In many machine learning contexts, the objective is to minimize a *loss function*, which tells us the error in our predictions based on the parameters we chose. In linear regression, the loss function was mean squared error. Indeed, there many other types of loss functions such as cross entropy loss, zero-one loss, and more. Regardless of what loss function we choose, the objective is always to minimize it. Finding the minimum of a function can be exceptionally difficult, especially if the loss function is nonconvex. To make matters worse, we likely do not even know how the loss landscape looks with respect to the model's parameters. For instance, imagine the difference in difficulty in finding the minimum of a parabola and the minimum of a landscape shown below: 

![Picture title](neural_nets_images/image-20210418-121923.png)

There may not even be a nice expression for the above function, so how do we even try to find the minimum? Enter gradient descent. The idea behind gradient descent is we take steps in the direction of steepest descent to land in a local minimum. Conveniently, the gradient of a function gives us the direction of steepest ascent, so we can just move in the opposite direction. More specifically:

1) We calculate the gradient of the loss function with respect to the model parameters, $\nabla_\theta \mathcal{L}(\theta)$.
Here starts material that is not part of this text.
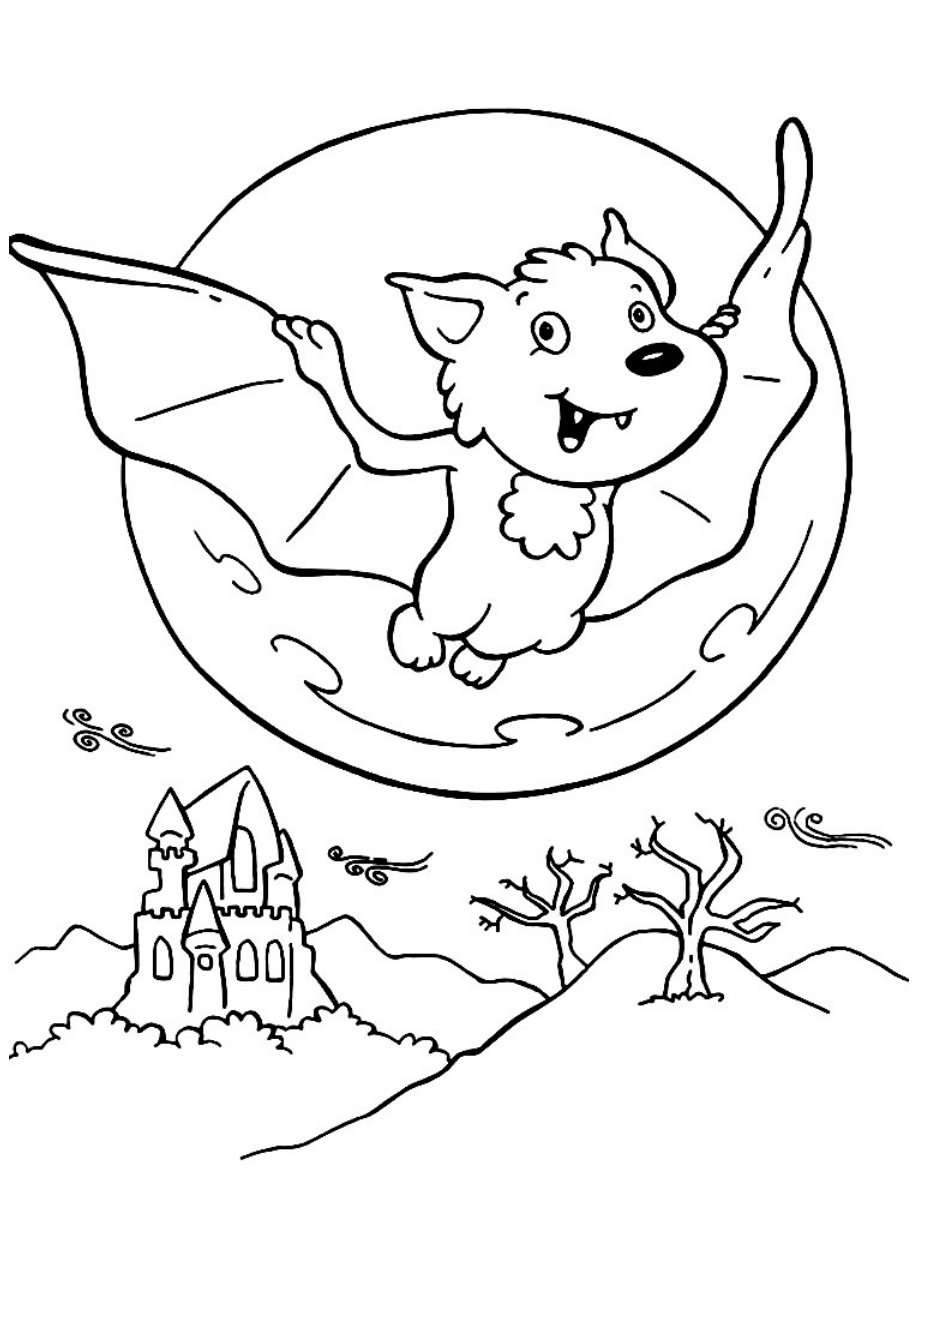 Halloween Coloring Sheet - Bat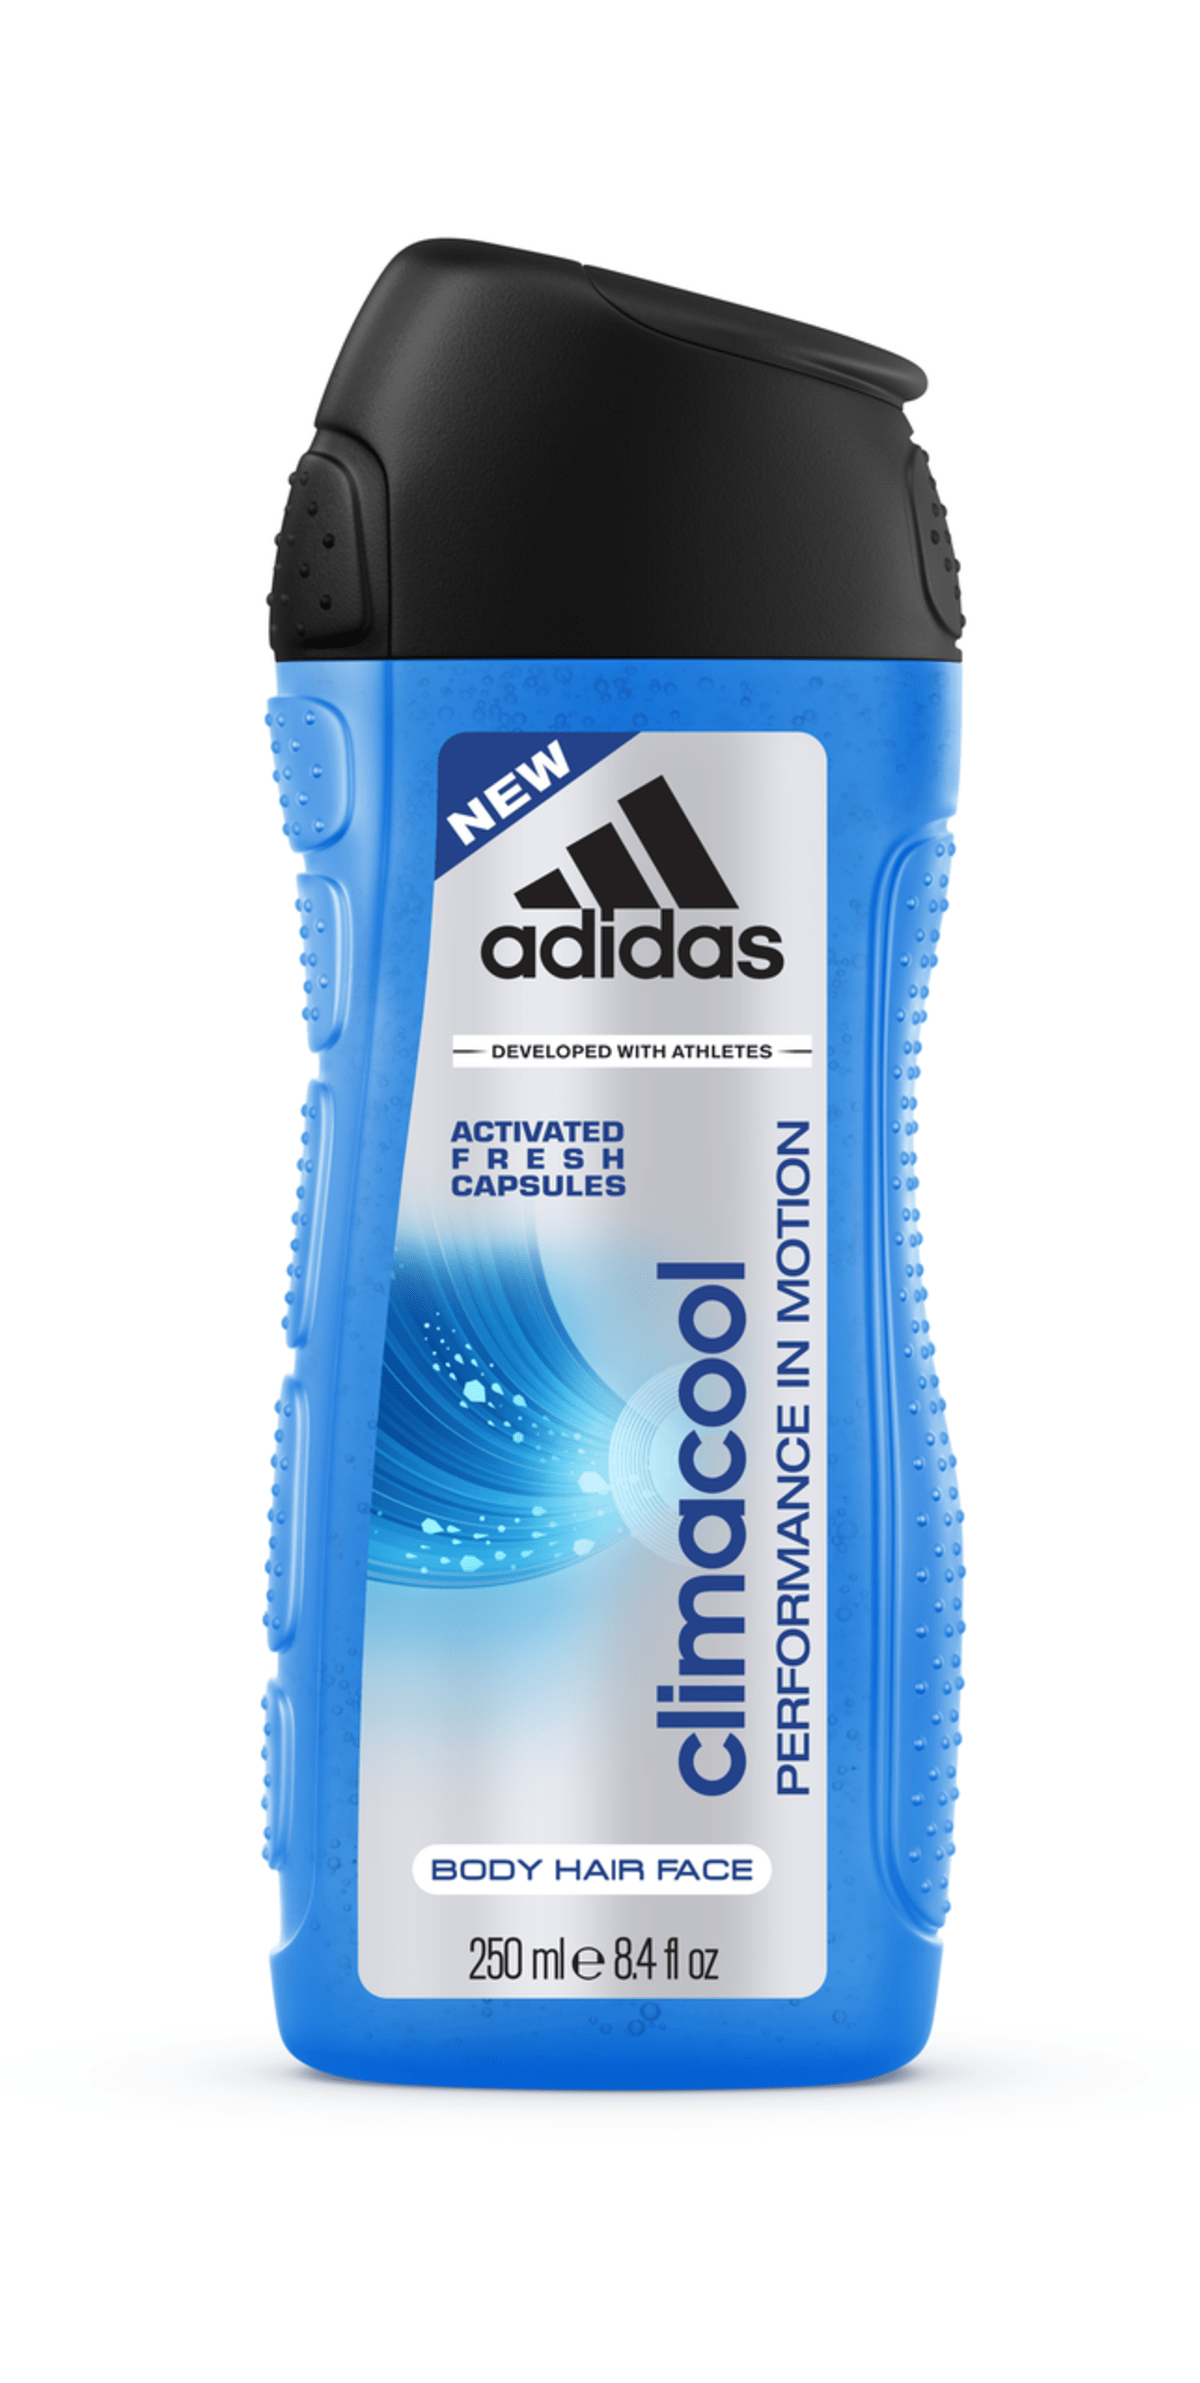 Sprchový gel Climacool Adidas, 79 Kč

2) We subtract some scalar multiple of our choice, $\alpha$, of it from the current model parameters. This is like taking an $\alpha$-sized step in the direction opposite the gradient.

3) Repeat 1) and 2) until convergence.

In math:

1) Calculate $\nabla_\theta \mathcal{L}(\theta)$

2) $\theta \leftarrow \theta - \alpha \nabla_\theta \mathcal{L}(\theta)$

3) Repeat 1) and 2) until convergence.

To demonstrate the power of gradient descent, we could use it to minimize linear regression loss, LASSO loss, ridge regression loss, and any convex function, without having to know how to solve it formulaically (although, it may take a bit longer). Essentially, you could use it as a black box solver for functions with no local minima, no saddle points, and no plateaus; and you could expect to find the gloabl optimum fairly easily. Indeed, there are several optimizers that are much better and more widely used, but they all draw heavily from the basic principles of gradient descent. Examples are stochastic gradient descent, AdaGrad, and Adam.

#### GD Questions

1) Does gradient descent guarantee that we will find the global optimum for every function?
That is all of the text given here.